Pope Francis used a television interview to announce his decisions to change the funeral rite and the decision to be buried in Saint Mary Major. One may be forgiven the impression thatit is by way of interviews – increasingly frequent – that Francis wants to be present in the debate. Francis wants people to talk about him. He also wants to say what he thinks from a platform that stands outside the ecclesiastical world. Perhaps this is because he thinks that such a platform will protect him from accusations that come from quarters inside, where his intra-ecclesiastical maneuvering is better understood.

The result, however, is the story of a Church that exists only in extreme situations.

One wonders if single mothers feel discouraged from receiving communion due to the rigidity of some pastors and faithful. This may be true in some cases, but the truth is that communion is practically never denied in small communities unless there is a serious scandal.

One wonders if all priests are sick of rigidity, if there are so many priests who are backward, and if it is enough to concede that there are many good priests, so to avoid offending the pastors who have been present in the area for years .

One wonders if the Church that Pope Francis is fighting against is not the current structure but the idea that the Pope has of the structure—a notion, too, which in some cases does not correspond to reality. The Pope solves the problem at its root, centralizing everything on himself.

We are, after all, in the statio orbis of April 27, 2020, when the pope ascended the churchyard of St. Peter’s Basilica alone, at the height of the pandemic.
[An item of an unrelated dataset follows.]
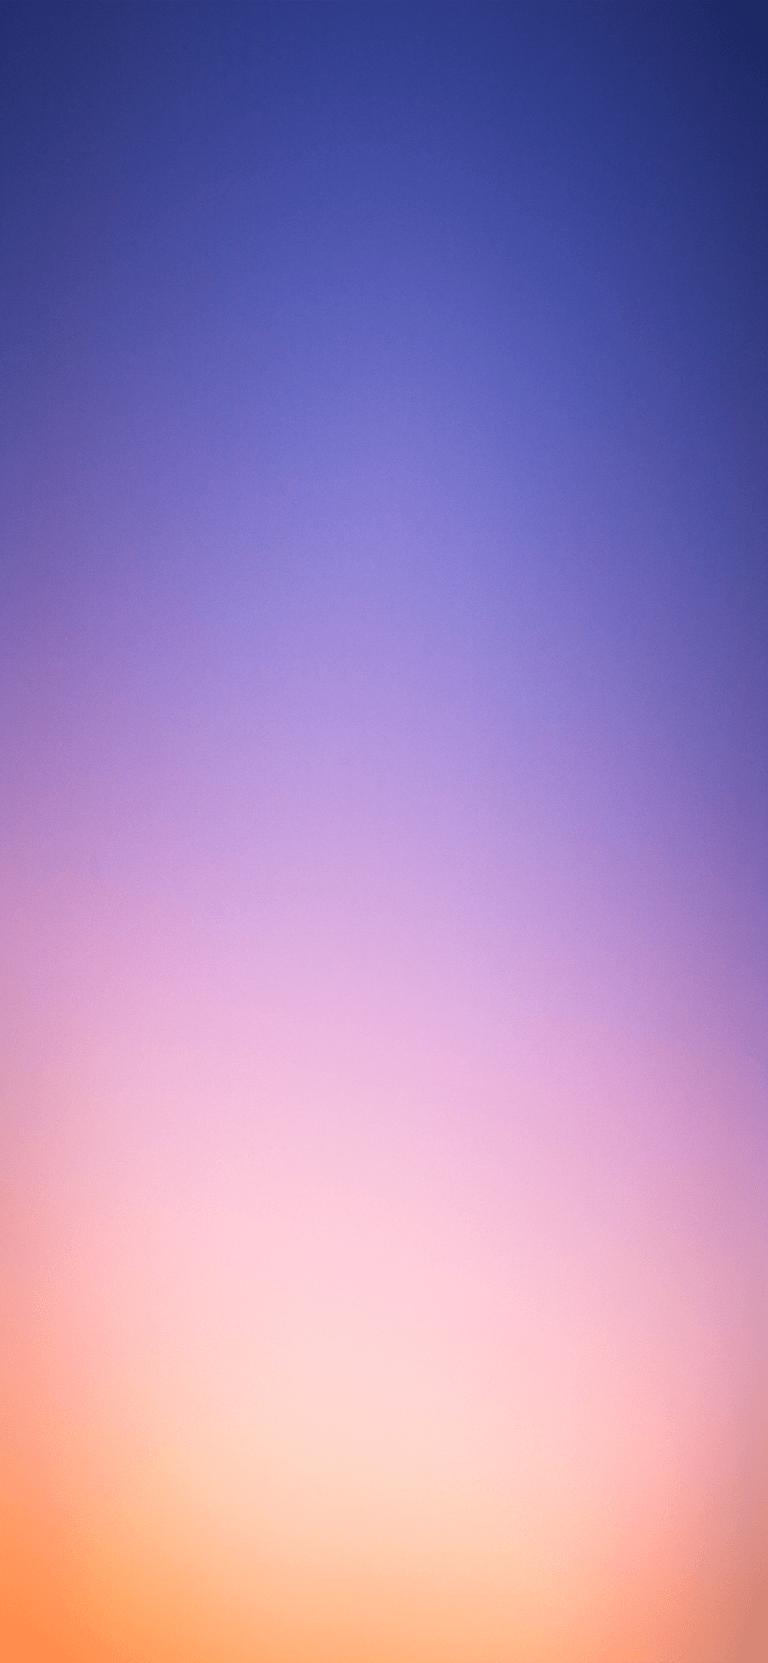 original iphone wallpapers download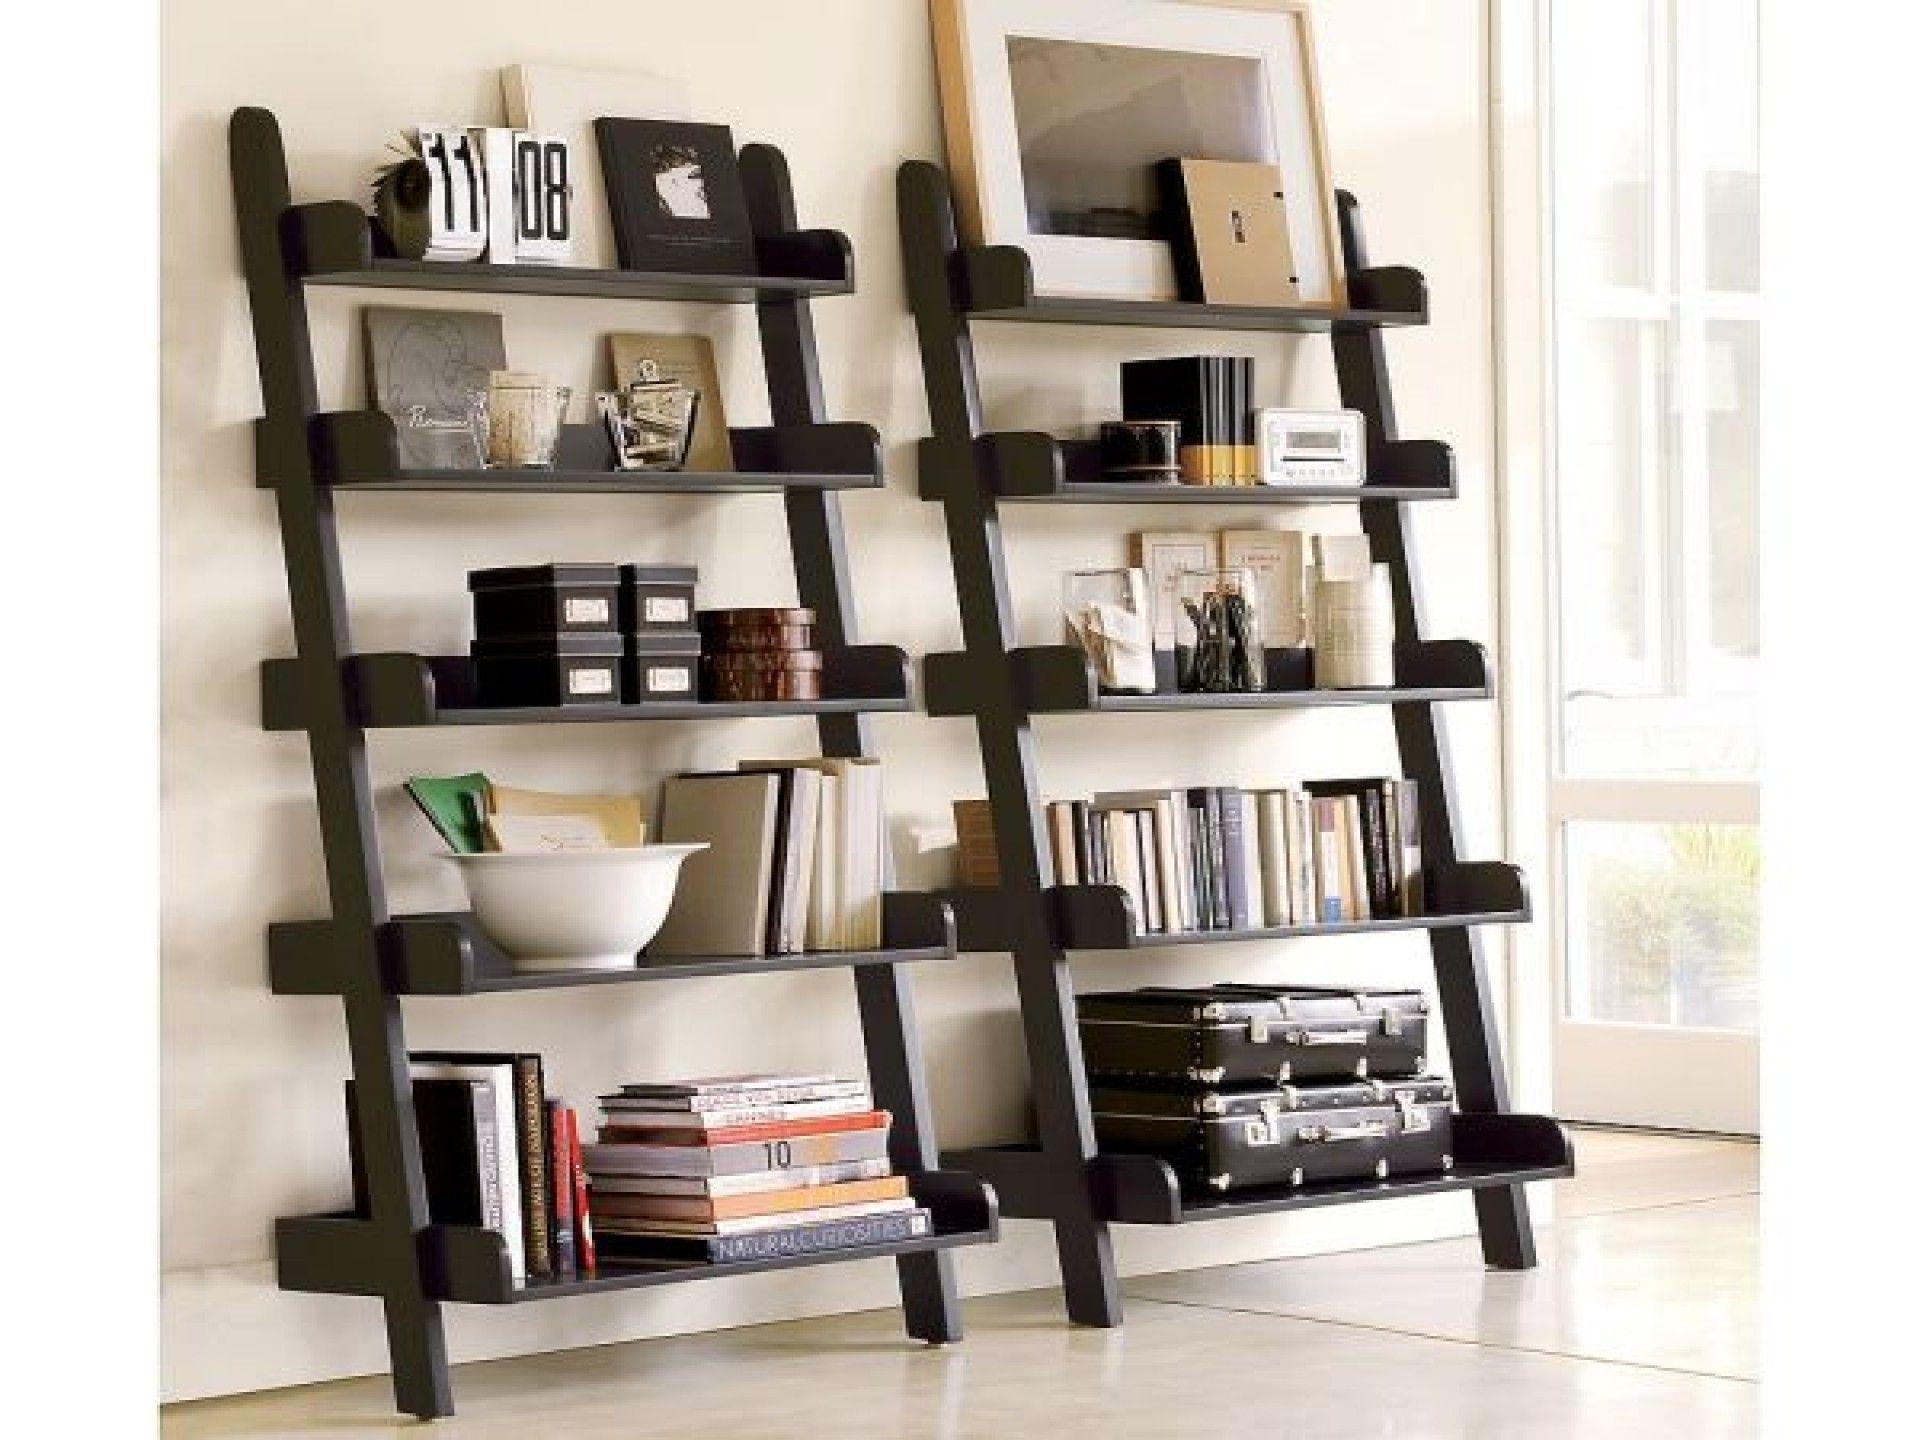 Studio Wall Shelf Bookcase From Pottery Barn

The pope was there, hombre solitario y final.

The Church was missing.

The fundamental question is: will the pope’s legacy be safe in this way? Or is it just more in doubt?

 

3 Responses to Pope Francis, a birthday that smacks of budgets

  1. James Scott scrive:

    ‘…with a marketing push that is really unprecedented for a pope.’

    But this papacy has been defined by ‘marketing…unprecedented for a pope’

    It is, in a nutshell, the essence of the church of francis

    When challenged to justify any of his outrageous proposals(and when he deigns to respond to the lower orders who presume to question a bishop; the Bishop of Rome, at that!) he never fails to quote a precedent; established by none other than:

    Papa Bergoglio

    Pure farce.

  2. John Smith scrive:

    Regarding Pope Francis’s new Papal funeral right, does that include his mortal remains being tossed in the back of a utility van as was done to Pope Benedict? It’s only a 15 minute drive to papal basilica of Saint Mary Major, especially if done in the dead of night.